Python - filter overlapping ranges

Question

I have a map with {integer_key -> list[tuple]} as key/value pairs. The tuples contain (start,end) values that represent string indexes for a substring operation.

My goal is to remove overlapping regions and return a map where key/value pairs are {tuple -> integer_key}. Ranges mapped to lower integer_keys take precendence over higher ones.

Below is a runnable example of my current implementation (requires this ordereddict class):

from collections import OrderedDict

string_length = 20

idx_region_map = OrderedDict()
idx_region_map[0] = [(0,2), (7,10)]
idx_region_map[1] = [(4,5), (18,19)]
idx_region_map[2] = [(3,3), (5,6), (10,13)]
idx_region_map[3] = [(15,17), (19,20)]

# Which can be represented as follows:
#
#  |012345678901234567890|
# 0|ooo----oooo----------|
# 1|----oo------------oo-|
# 2|---o-oo---oooo-------|
# 3|---------------ooo-oo|
# ...

def filter_overlaps(string_length, idx_region_map):
    region_idx_map = {}
    occupied = [False for i in range(string_length)]
    for idx, regions in idx_region_map.items():
        for region in regions:
            start, end = region[0], region[1] + 1
            overlaps = any(occupied[start:end])

            if not overlaps:
                for i in range(start, end):
                    occupied[i] = True
                region_idx_map[region] = idx
    return region_idx_map


# Prints: {(3, 3): 2, (4, 5): 1, (18, 19): 1, (7, 10): 0, (0, 2): 0, (15, 17): 3}
print filter_overlaps(string_length, idx_region_map)

This seems to work well enough for my needs, but I'm curious to learn what alternative algorithms are there to solve this problem. For example, using different data structures or something more efficient than the above.

Answer 1

Instead of occupied = [False]*string_length you could maintain a data structure that stores non-overlapping ranges seen so far and supports .overlaps(start, end) operation:

def overlaps(self, start, end):
    # invariant: all stored intervals do not overlap
    # perform binary search on non-overlapping intervals O(log n)
    # if overlaps; merge with stored intervals O(m)
    # else store (start, end) O(1)
    # return whether (start, end) overlaps with already seen intervals

Complexity is O(log n + m), where n - number of stored intervals, m - number of intervals that overlap with given range.

if string_length is not large your algorithm seems fine as is.

Answer 2

You can use an Interval tree.

I don't understand Python but I think you are doing a brute force here.

Another way would be to sort based on start index; so for your e.g you get

0 3 4 5 7 10 15 18 19

Now go through each start index and check where its corresponding end index lies w.r.t following start indices through a binary search i.e. here we take 0, get its end index which is 2 and see where 2 lies.

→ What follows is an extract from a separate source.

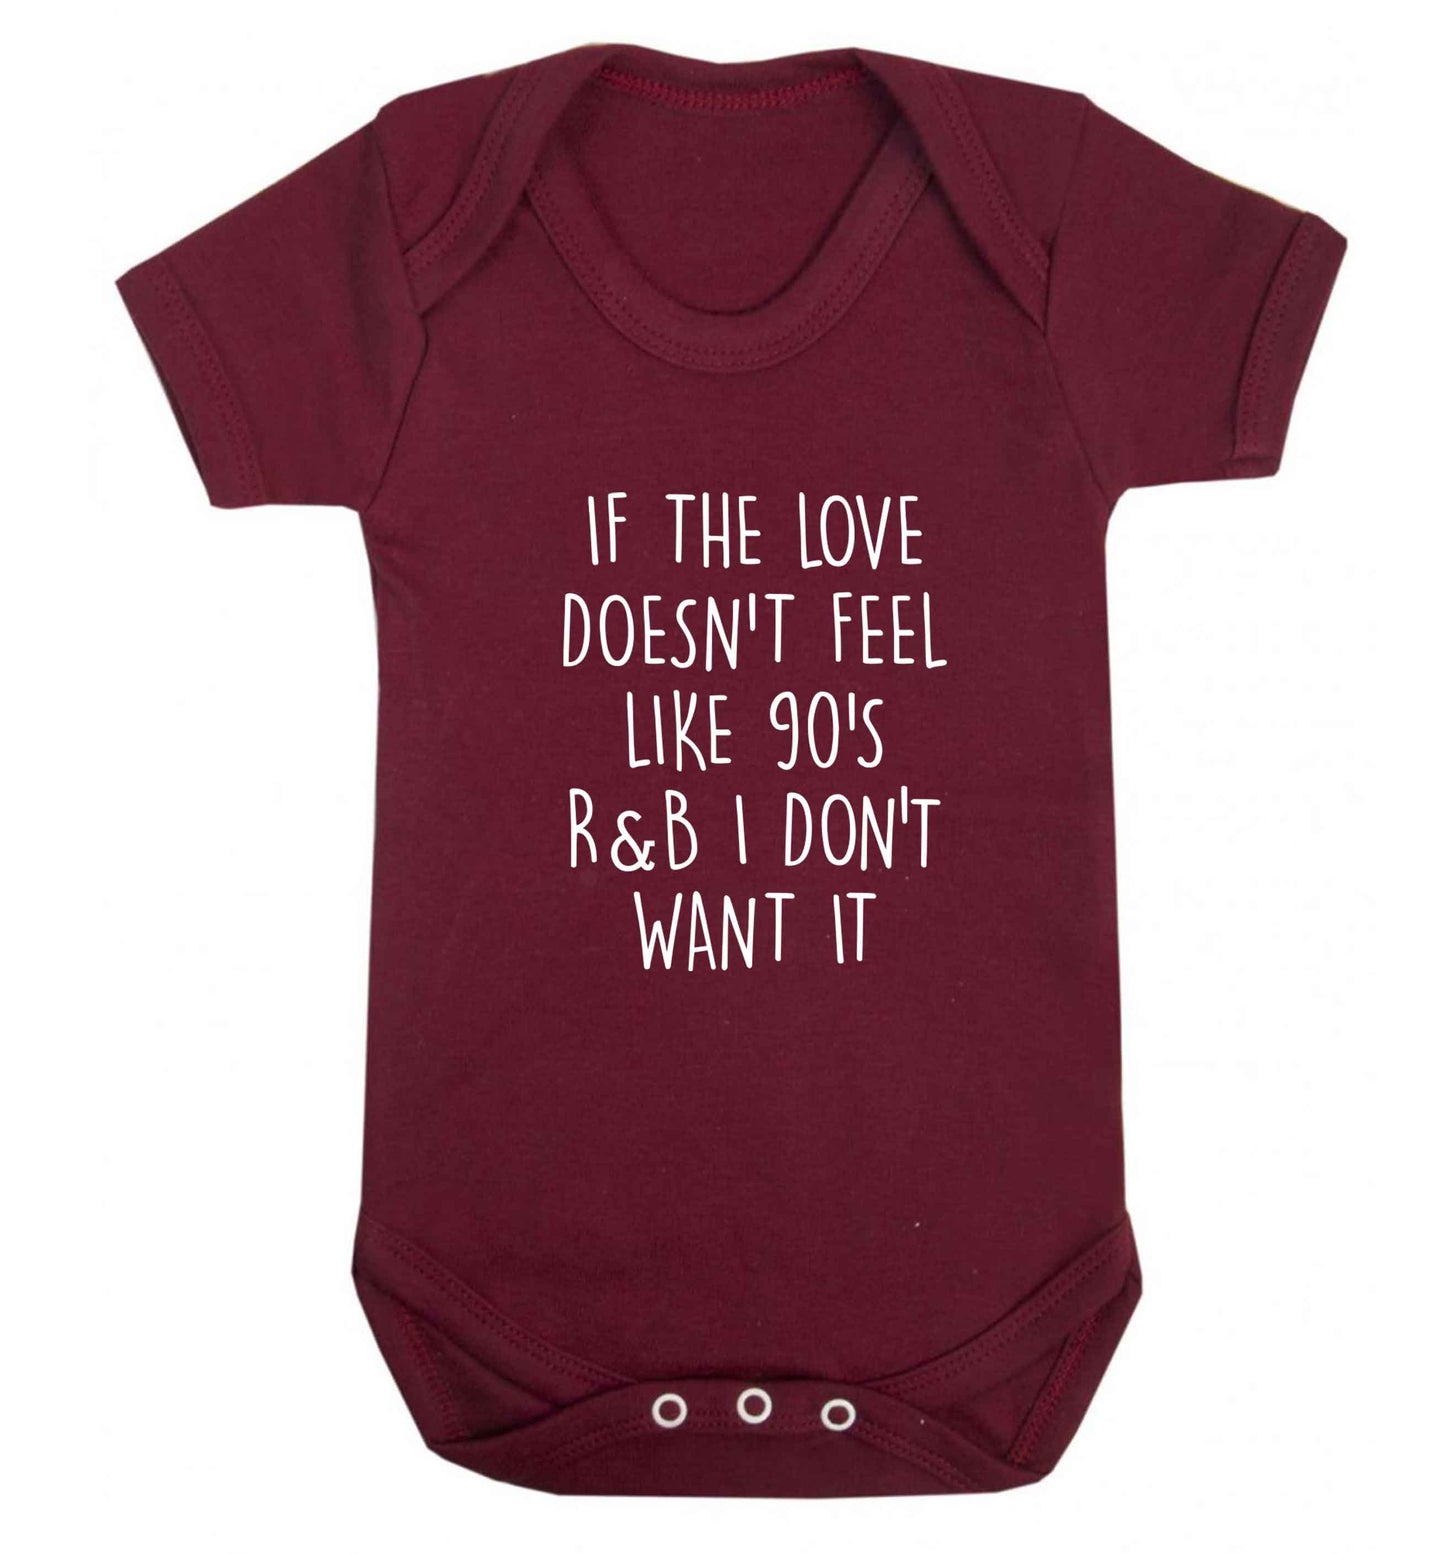 If the love doesn't feel like 90's r&b I don't want it baby vest maroon 18-24 months

Because 2 lies immediately after 0 it does not overlap anything but let's say 0's end index was 17 then it would mean 0,17 overlaps all start indices until 15 which are 3,4,5,7,10,15. The complexity is nlogn.

Edit

What I just realized is that you are retaining 4,5 though 4,5 and 5,6 overlap and I guess because 4,5 integer key is 1 which is less than integer key of 5,6 which is 2. So I guess you always retain the lower integer key though it is overlapping.

If this is the case, the complexity would be O(n^2) because you can't blindly do a binary search. For e.g. if 4's end index was 10 then you will have to go through 5,7 and 10 to check if their integer key is less than 4's. If it is then 4 and its end index can be filtered otherwise retain 4.